Jay Runkel (13:38): Okay. So before we go there, let's even kind of talk about what sizing is and what sizing means. So typically when we talk about sizing in MongoDB, we're really talking about how big of a cluster do we need to solve a customer's problem? Essentially, how much hardware do we need to devote to MongoDB so that the application will perform well? And the challenge around that is that often it's not obvious. If you're building an application, you're going to know roughly how much data and roughly how the users are going to interact with the application. And somebody wants to know how many servers do you need and how much RAM do they have on them? How many cores? How big should the disks be? So it's a non-obvious, it's a pretty big gap from what you know, to what the answers you need. So what I hope I can do today is kind of walk you through how you get there.

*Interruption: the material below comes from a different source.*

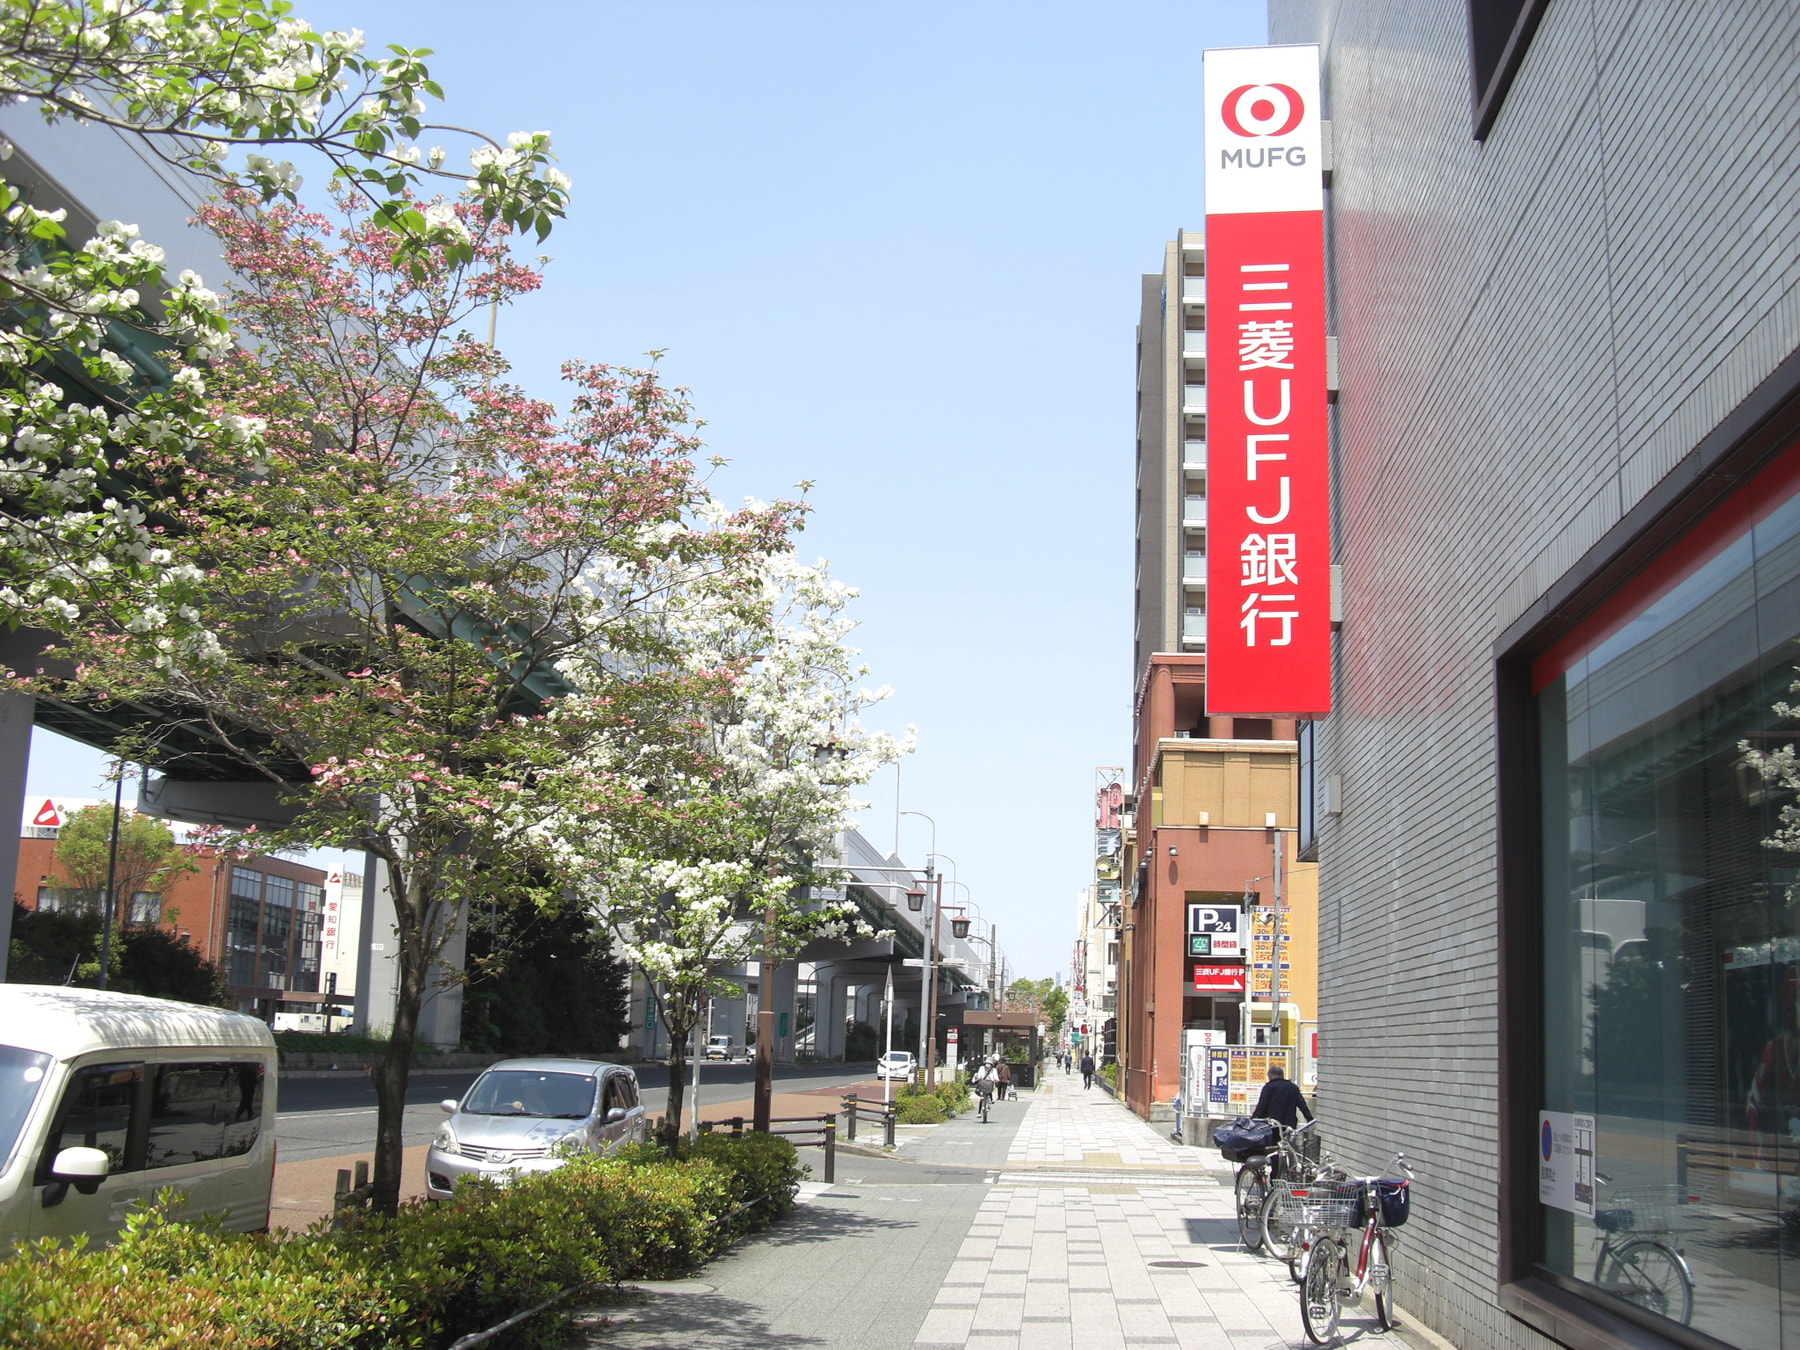 UFJ銀行の方へ真っ直ぐ歩いてください。

Michael Lynn (14:32): Awesome. Please do.

Jay Runkel (14:33): Okay. So let's talk about that. So there's a couple things that we want to get to, like we said. First of all, we want to figure out, is it a sharded cluster? Not like you already kind of defined what sharding is, essentially. It's a way of partitioning the data so that you can distribute the data across a set of servers, so that you can have more servers either managing the data or processing queries. So that's one thing. We want to figure out how many partitions, how many shards of the data we need. And then we also need to figure out what do the specifications of those servers look like? How much RAM should they have? How much CPU? How much disk? That type of thing.

Jay Runkel (15:12): So the easiest way I find to deal with this is to break this process up into two steps. The first step is just figure out the total amount of RAM we need, the total number of cores, essentially, the total amount of disk space, that type of thing. Once we have the totals, we can then figure out how many servers we need to deliver on those totals. So for example, if we do some math, which I'll explain in a little bit, and we figure out that we need 500 gigabytes of RAM, then we can figure out that we need five shards if all of our servers have a hundred gigabytes of RAM. That's pretty much kind of the steps we're going to go through. Just figure out how much RAM, how much disk, how much IO. And then figure out how many servers we need to deliver on those totals.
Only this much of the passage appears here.